§ TASK OBJECTIVE
Each record below should be given again exactly as it reads.
+++ RECORDS SUPPLIED
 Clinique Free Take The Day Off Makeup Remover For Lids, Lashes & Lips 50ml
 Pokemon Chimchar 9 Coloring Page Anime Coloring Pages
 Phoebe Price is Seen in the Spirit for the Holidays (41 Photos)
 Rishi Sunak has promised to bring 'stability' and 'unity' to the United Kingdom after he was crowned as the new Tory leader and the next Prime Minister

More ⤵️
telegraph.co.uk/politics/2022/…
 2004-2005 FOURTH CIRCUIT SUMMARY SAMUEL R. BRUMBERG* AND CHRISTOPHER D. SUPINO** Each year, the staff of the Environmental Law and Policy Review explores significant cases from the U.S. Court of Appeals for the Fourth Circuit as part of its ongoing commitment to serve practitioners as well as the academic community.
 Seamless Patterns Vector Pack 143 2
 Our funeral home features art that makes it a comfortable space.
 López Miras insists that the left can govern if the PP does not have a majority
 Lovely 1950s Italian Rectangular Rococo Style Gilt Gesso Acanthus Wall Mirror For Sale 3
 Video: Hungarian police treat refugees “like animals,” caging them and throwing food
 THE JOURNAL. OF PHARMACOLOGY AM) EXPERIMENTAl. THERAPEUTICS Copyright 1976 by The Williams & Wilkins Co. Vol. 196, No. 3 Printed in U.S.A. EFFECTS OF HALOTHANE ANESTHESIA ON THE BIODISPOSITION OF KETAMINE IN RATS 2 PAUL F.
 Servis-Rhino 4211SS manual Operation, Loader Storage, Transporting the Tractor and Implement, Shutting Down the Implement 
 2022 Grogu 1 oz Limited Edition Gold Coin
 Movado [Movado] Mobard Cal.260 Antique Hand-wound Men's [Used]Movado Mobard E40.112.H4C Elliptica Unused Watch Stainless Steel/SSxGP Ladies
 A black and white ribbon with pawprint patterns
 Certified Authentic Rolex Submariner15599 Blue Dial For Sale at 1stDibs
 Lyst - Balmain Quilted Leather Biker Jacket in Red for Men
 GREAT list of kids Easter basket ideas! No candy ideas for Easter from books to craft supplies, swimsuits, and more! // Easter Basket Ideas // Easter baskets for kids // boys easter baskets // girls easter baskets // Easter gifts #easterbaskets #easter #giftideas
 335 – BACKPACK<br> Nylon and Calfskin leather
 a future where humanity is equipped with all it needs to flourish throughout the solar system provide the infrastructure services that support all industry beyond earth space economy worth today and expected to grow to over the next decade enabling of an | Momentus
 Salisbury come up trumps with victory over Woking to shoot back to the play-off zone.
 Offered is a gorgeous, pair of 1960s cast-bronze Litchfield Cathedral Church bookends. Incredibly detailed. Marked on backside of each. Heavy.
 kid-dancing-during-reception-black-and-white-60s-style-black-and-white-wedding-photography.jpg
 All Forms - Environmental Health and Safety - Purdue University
++++++
§ ANSWER
 Clinique Free Take The Day Off Makeup Remover For Lids, Lashes & Lips 50ml
 Pokemon Chimchar 9 Coloring Page Anime Coloring Pages
 Phoebe Price is Seen in the Spirit for the Holidays (41 Photos)
 Rishi Sunak has promised to bring 'stability' and 'unity' to the United Kingdom after he was crowned as the new Tory leader and the next Prime Minister

More ⤵️
telegraph.co.uk/politics/2022/…
 2004-2005 FOURTH CIRCUIT SUMMARY SAMUEL R. BRUMBERG* AND CHRISTOPHER D. SUPINO** Each year, the staff of the Environmental Law and Policy Review explores significant cases from the U.S. Court of Appeals for the Fourth Circuit as part of its ongoing commitment to serve practitioners as well as the academic community.
 Seamless Patterns Vector Pack 143 2
 Our funeral home features art that makes it a comfortable space.
 López Miras insists that the left can govern if the PP does not have a majority
 Lovely 1950s Italian Rectangular Rococo Style Gilt Gesso Acanthus Wall Mirror For Sale 3
 Video: Hungarian police treat refugees “like animals,” caging them and throwing food
 THE JOURNAL. OF PHARMACOLOGY AM) EXPERIMENTAl. THERAPEUTICS Copyright 1976 by The Williams & Wilkins Co. Vol. 196, No. 3 Printed in U.S.A. EFFECTS OF HALOTHANE ANESTHESIA ON THE BIODISPOSITION OF KETAMINE IN RATS 2 PAUL F.
 Servis-Rhino 4211SS manual Operation, Loader Storage, Transporting the Tractor and Implement, Shutting Down the Implement 
 2022 Grogu 1 oz Limited Edition Gold Coin
 Movado [Movado] Mobard Cal.260 Antique Hand-wound Men's [Used]Movado Mobard E40.112.H4C Elliptica Unused Watch Stainless Steel/SSxGP Ladies
 A black and white ribbon with pawprint patterns
 Certified Authentic Rolex Submariner15599 Blue Dial For Sale at 1stDibs
 Lyst - Balmain Quilted Leather Biker Jacket in Red for Men
 GREAT list of kids Easter basket ideas! No candy ideas for Easter from books to craft supplies, swimsuits, and more! // Easter Basket Ideas // Easter baskets for kids // boys easter baskets // girls easter baskets // Easter gifts #easterbaskets #easter #giftideas
 335 – BACKPACK<br> Nylon and Calfskin leather
 a future where humanity is equipped with all it needs to flourish throughout the solar system provide the infrastructure services that support all industry beyond earth space economy worth today and expected to grow to over the next decade enabling of an | Momentus
 Salisbury come up trumps with victory over Woking to shoot back to the play-off zone.
 Offered is a gorgeous, pair of 1960s cast-bronze Litchfield Cathedral Church bookends. Incredibly detailed. Marked on backside of each. Heavy.
 kid-dancing-during-reception-black-and-white-60s-style-black-and-white-wedding-photography.jpg
 All Forms - Environmental Health and Safety - Purdue University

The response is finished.